When I realized I was no longer in systems engineering but systems modernization, my boss and I had a familiar discussion. I had a job title, but I didn’t seem to care about the parameters of that title. I saw a problem that needed to be solved, I had conversations, tried a few things, and stepped back to see what happened. My boss told me that in a world of people who talk about doing the thing, I’m one of the few who actually step up to do the thing. Now imagine what I could do if I weren’t spending 50% of my time in 1:1s. Rude, I love my team, but I get the point.
For the third time, I was writing my own job description based on the problem I had already started to solve.
This conversation was a little different, though.
My assignment was to insert myself into the services, sit in them, move some things around, and eventually, basically put myself out of a job. My measure of success was to no longer be needed. And that came with a huge risk — people noticing. And hoping I’d created my next role before they did.
Two and a half years after this conversation, I completed my assignment.
In that time, I modernized an entire portfolio of technology services. I built a framework to fully map and address technical debt, and successfully applied it to a far-reaching service, resulting in a 35% profit increase in a $300,000 monthly recurring revenue service within 9 months.
With the success of this framework on such a large service, I was able to easily apply the same methodology to a group of smaller services. Then again, on our largest service offering.
Before long, I was spending more time on the administrative side of being a manager, now that I had time to breathe. I could feel the breeze coming and the season of change ending.
For the first time in my life, I took off a full week for my birthday, I went somewhere, and I didn’t check the work apps on my phone. For an entire week, I didn’t get any text messages or panicked calls. The sky didn’t fall, and the earth beneath us didn’t split open. My teams didn’t need me anymore, and they didn’t even know it.
Normally, I would announce my return to see how I can help pick up the pieces. But not this time. I came back, but I waited to be called upon. I took my evening time to think about what I wanted to do next. What is the next big problem for me to solve?
For the first time in my life, I focused and actually wrote down my successes. I thought of every project I had done, every engineer I had hired or promoted, every customer whose mind I had changed. I looked over what I wrote down, and my mind formed 3 lanes.
Three very different lanes. All well-suited for me. Not a single one was in my current organization.
I set up a call with my professional mentor to run a scenario by her.
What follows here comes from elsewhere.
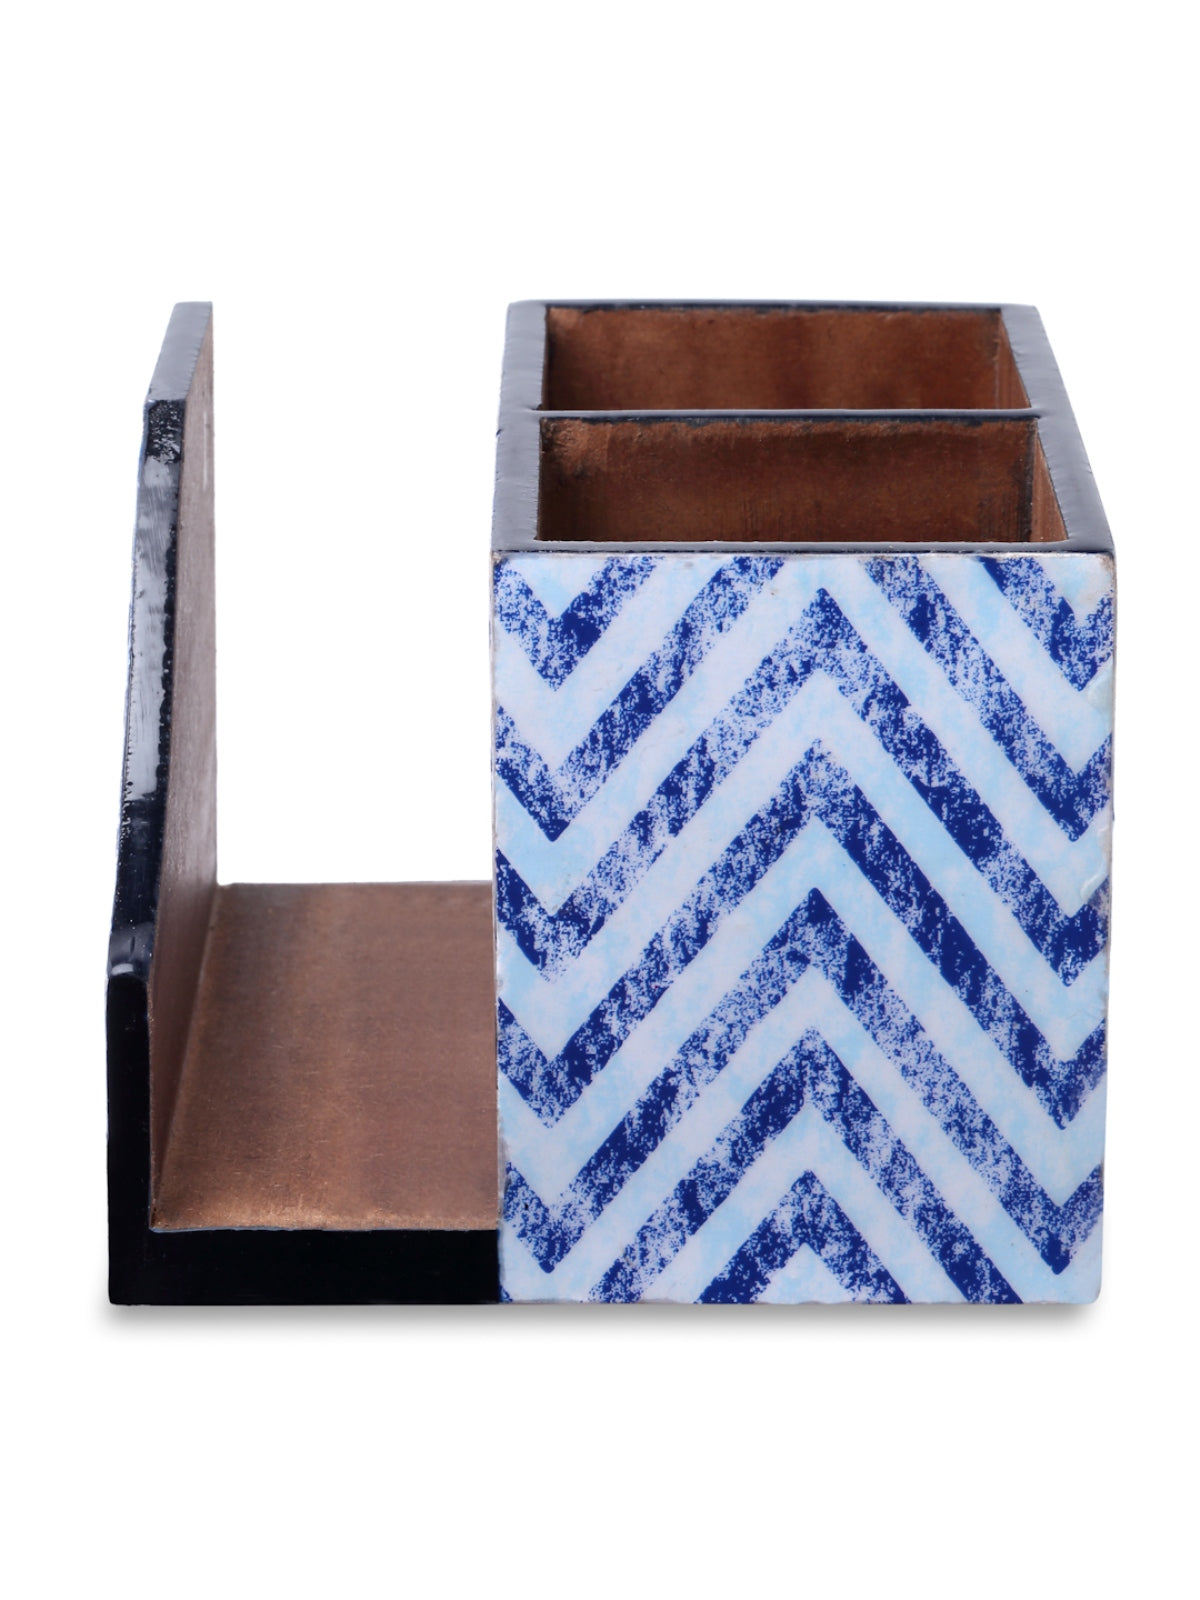 Blue & White Zig Zag Patterned MDF Tissue Holder & Cutlery Stand

She was all but beside herself at the news. I was ready to take out the Swiss Army knife and see which blade I picked.
The next week, I got a message from my boss that we needed to talk. It was time. He was going to tell me that I’ve completed my assignment.
From the tone of either side of this phone call, you probably couldn’t tell we were discussing my role becoming redundant. I was fortunate enough to have a boss with whom I could be open and honest, and without truly knowing, he knew I was ready. I was at peace.
I was still devastated for a week or so. I knew for some time my time would come, but with my personality, I never thought it would come so quietly.
I was devastated because I loved everything I had built so much. It brought me so much joy to watch others around me grow through the years I was with them. I was sad for them. The ones who called me “mom” and joked that this was my “queendom,” but they just worked here.
My impact was palpable, and I know it’s incredibly rare to have that awareness.
I took the space to process my emotions. Then I got back to work, to finding my voice to talk about my own successes.
Then I stepped back and asked myself: how can I make talking about fixing legacy systems exciting? How can I make a creative portfolio of these seemingly intangible successes?
This is what I started waking up thinking about. Not telling myself how many jobs I’m going to apply to that day. I woke up asking myself how I can create my next role, just like I did my last 3, at a company where I don’t work yet.
This time I was given, was by design — I didn’t want to waste it walking off the same 8-bit cliff as everyone else.